17/8/97

Our Arabs

    You'd expect them to be hurling rotten tomatoes at each other -- at best. At worst, stones, fists, venomous invective. 
    Mahane Yehuda, the warren of onions, pickles and arch-Jewish sentiment, the bastion of hot-tempered nationalist passion, is no place for an Arab. Not ever, but certainly not days after the slaughter, when the smell of charred human flesh still mingles with the hovering aroma of raw animal flesh. 
    It's utterly senseless: not the war -- the peace. The Arabs who work here are not afraid of Jews, but of other Arabs; the Jews who work here don't think of "their" Arabs as Arabs.
    "Go basta-basta (stall to stall), you see Arabs working everywhere here," says Dan, purveyor of cukes, tomatoes, potatoes. "Yeah, of course I got an Arab. He's a good worker. Yalla, Mohammed, come!"
    Mohammed, a round little 15-year-old, has at least one thing in common with Jewish teenagers, pimples. He also has a plate in his head, which Ilan, the stall-owner next door, playfully whaps every few minutes, I suppose to make the thing rattle. Mohammed helps support his family in the Old City -- Dad and his four wives and 24 children. 
    "Arab workers here are free. The shuk is like our home. We're not afraid. My father's afraid, but not me." 
    Moments after the double bombing, police ordered Mohammed to go home. He stayed away for a week. 
    "I missed him," Dan says. "We eat together. Y'know, people don't understand what we're like here in the shuk. We're not racist. No one who works here is racist."
    "Anyone who likes Arabs is not a Jew," Ilan retorts, provoking Mohammed. The lad chuckles happily: he enjoys the teasing, he seems not take the barbs as hatred.  
    And maybe it's not. Street language has its own inflections. On these streets, Dan doesn't consider Ilan racist, Ilan doesn't think of Mohammed as an Arab, Mohammed likes Ilan. Who can judge?
    At the fishmonger nearby, glowering, bearded Mahmud wields a fearful-looking butcher's knife. "Shoppers are afraid of me. You think I care?" 
    Unlike shy little Mohammed, Mahmud is forthright, even aggressive. "But people who work here, they know me. What, you think they shout bad things to me?

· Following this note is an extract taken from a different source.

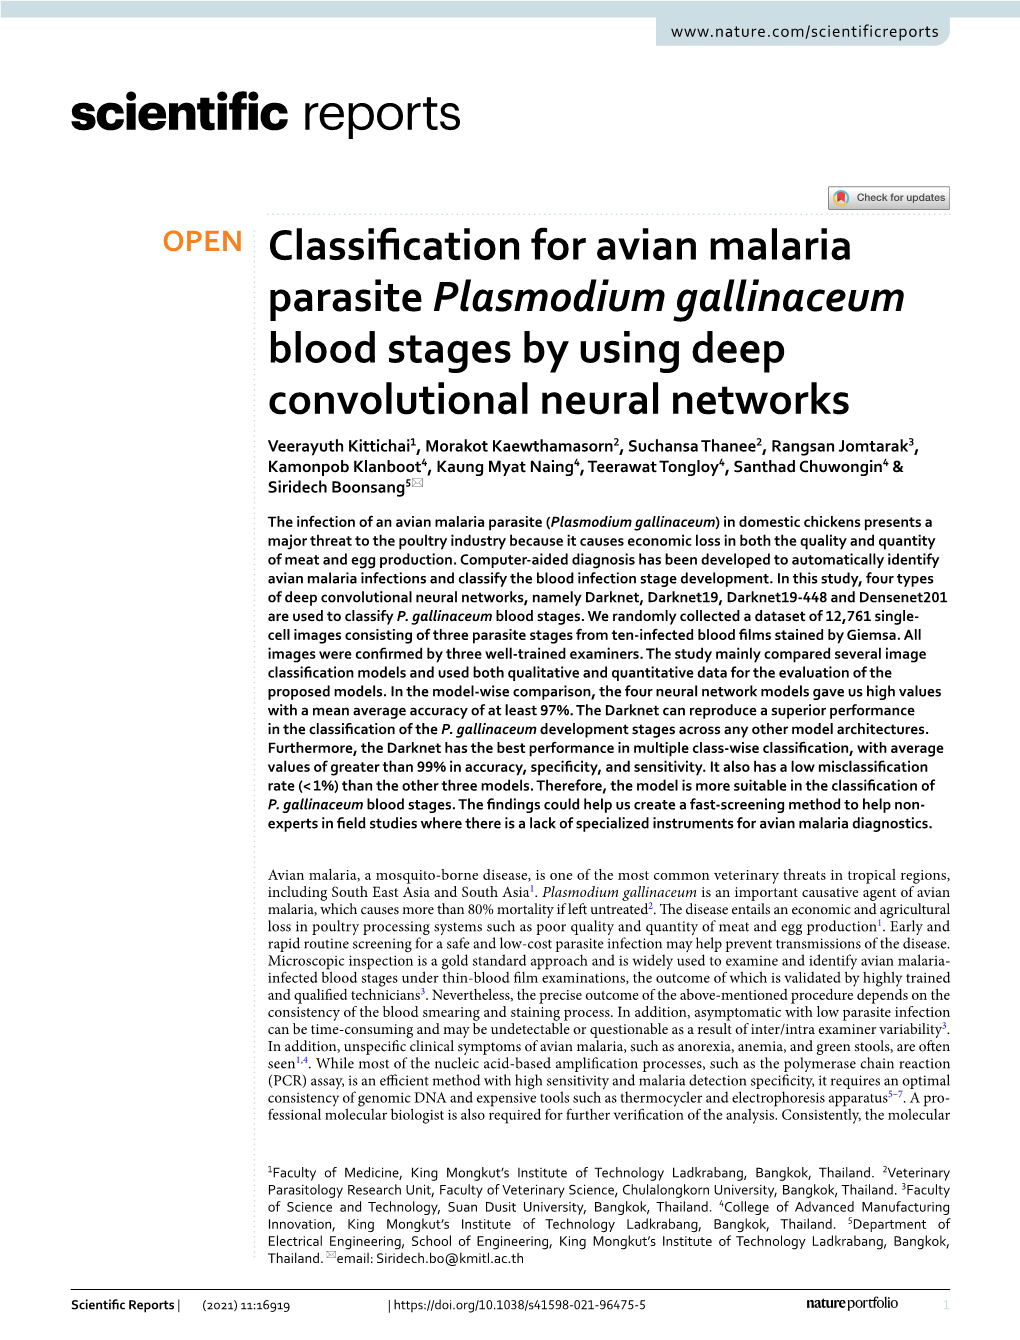 Classification for Avian Malaria Parasite Plasmodium Gallinaceum

They say 'Mahmud, how are you today?'" He attacks a pile of fish, aware but unconcerned that he's splashing fish guts on my shirt. "Yeah, all Arabs are guilty!" And finally, he smiles. 
    His employer, Avner, has the look of a stunned mullet. It's easy to understand why: he stares straight ahead, but out the corner of each eye he can see the carnage inflicted by both bombs. "I was a sandwich," he says.  

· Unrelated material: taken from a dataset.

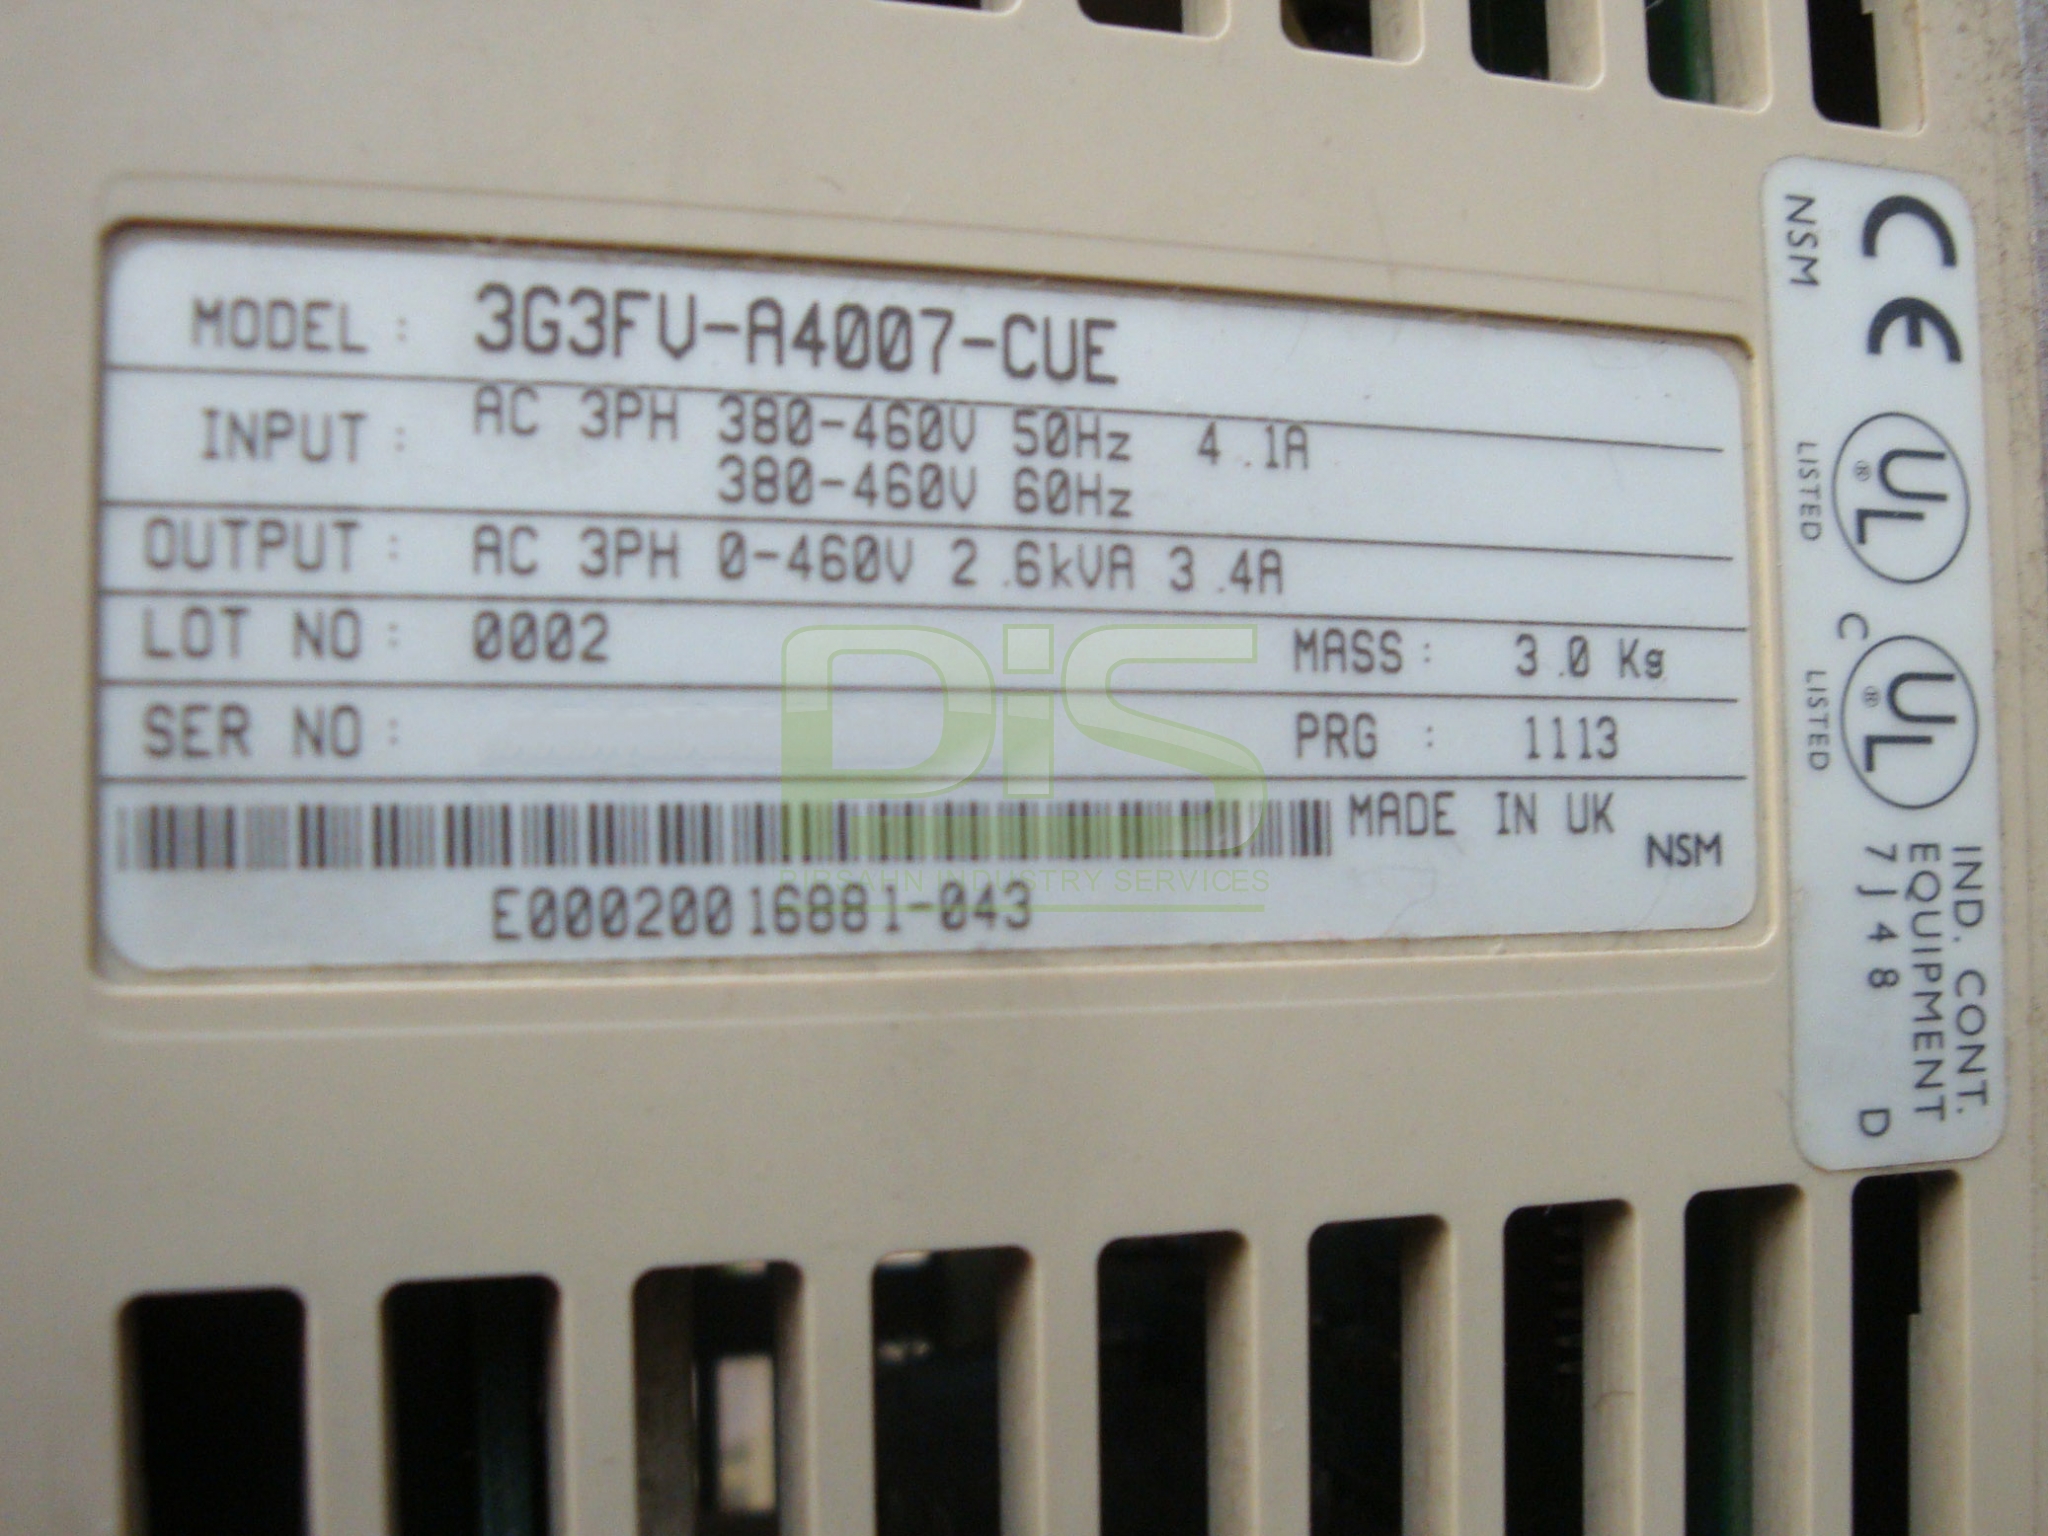 3G3FV-A4007-CUE

    His friends and neighbors dead and maimed, and he, blessedly lucky to be standing here selling fish: well, Avner, what do you think of the Arabs now?
    "You must understand, we don't hate our Arabs."

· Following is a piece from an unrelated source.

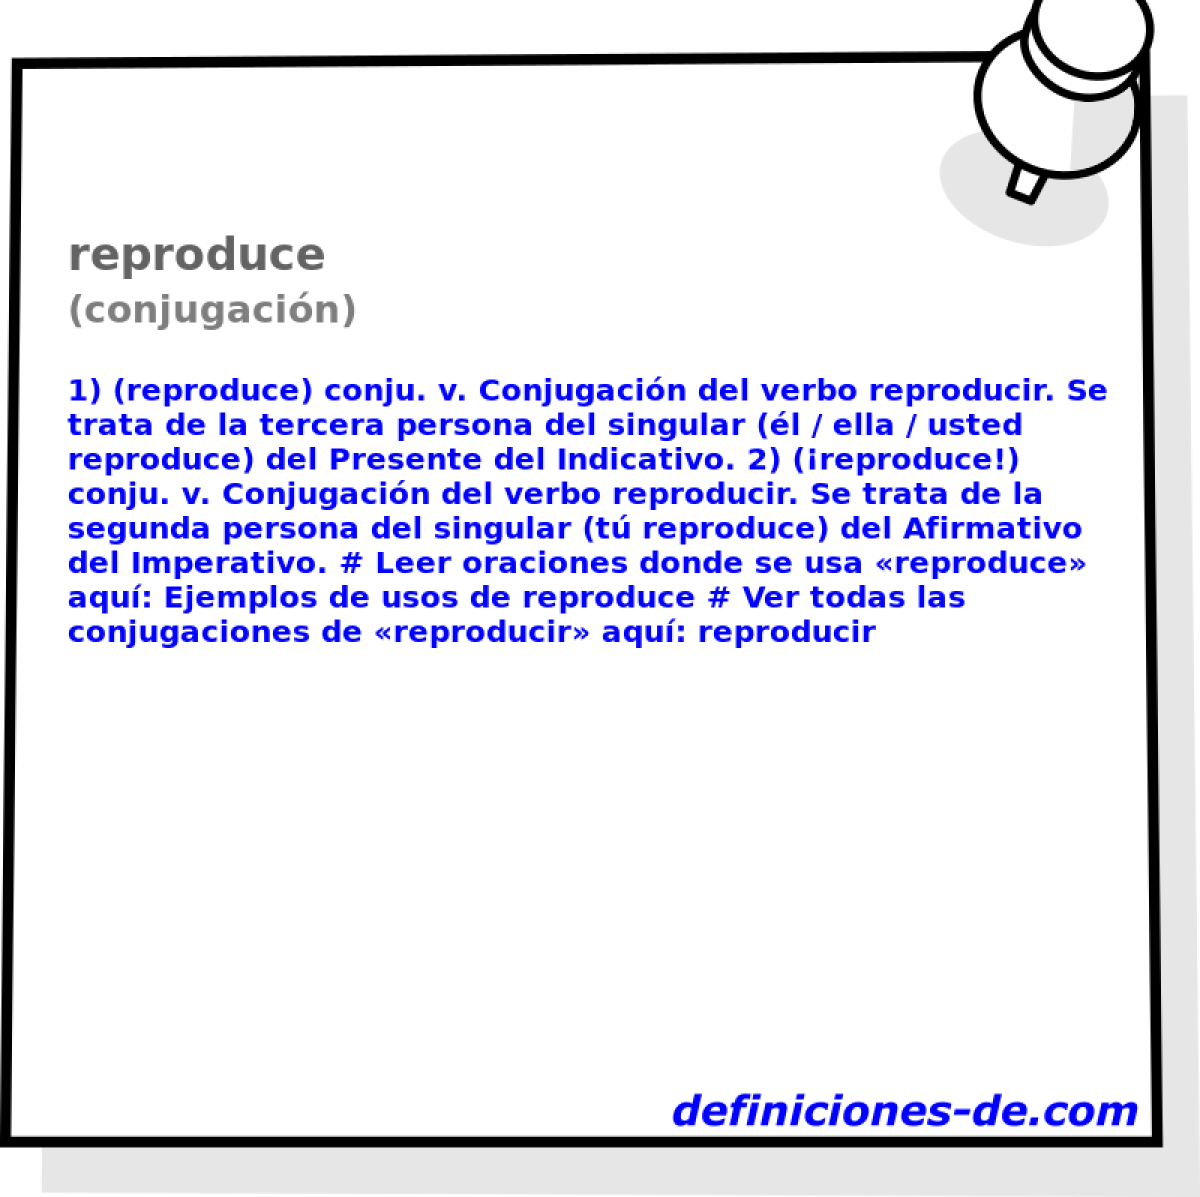 reproduce (conjugacin)

    In better days, 16-year-old Mohammed would have been luring shoppers with a singsong "eggs, yalla, eggs, yalla, eggs!" But those familiarly lusty, jocund shouts have stilled. The rhythmic clamor that makes the shuk what it is -- "Three for a shekel, I must be crazy!" -- is decidedly inappropriate these days. So Mohammed, the egg kid, sits, waits. His ears still ring from the blast, across the alley: he happened to duck at the right time. 
    "There is peace here. Arabs and Jews, you know, we all helped each other."
    Mohammed is a startlingly handsome youth, with big, soft brown eyes, dimples, alluring smile. His brother owns this stall, one of the few Arab-owned bastas in Mahane Yehuda.
    "Sometimes," he says, "people say things against Arabs, and it hurts me to hear it. But the people who work here, they're OK. We're brothers."
    He hasn't been working here long enough to be recognized -- only two months -- but he was unafraid. He took up his position behind the stacks of eggs the next day.  
    Next door, Eliyahu sits stone-still behind pretty, pastel-colored mounds of spices. He seems on the verge of bursting into tears, but he speaks without a trace of passion. 
    "When you work with people, you don't ask about their politics, their opinions. Arabs, Jews ... we know each other as people, just people. 
    "Even when we shout 'Arabs out!', they understand we don't mean them, we're not shouting at them."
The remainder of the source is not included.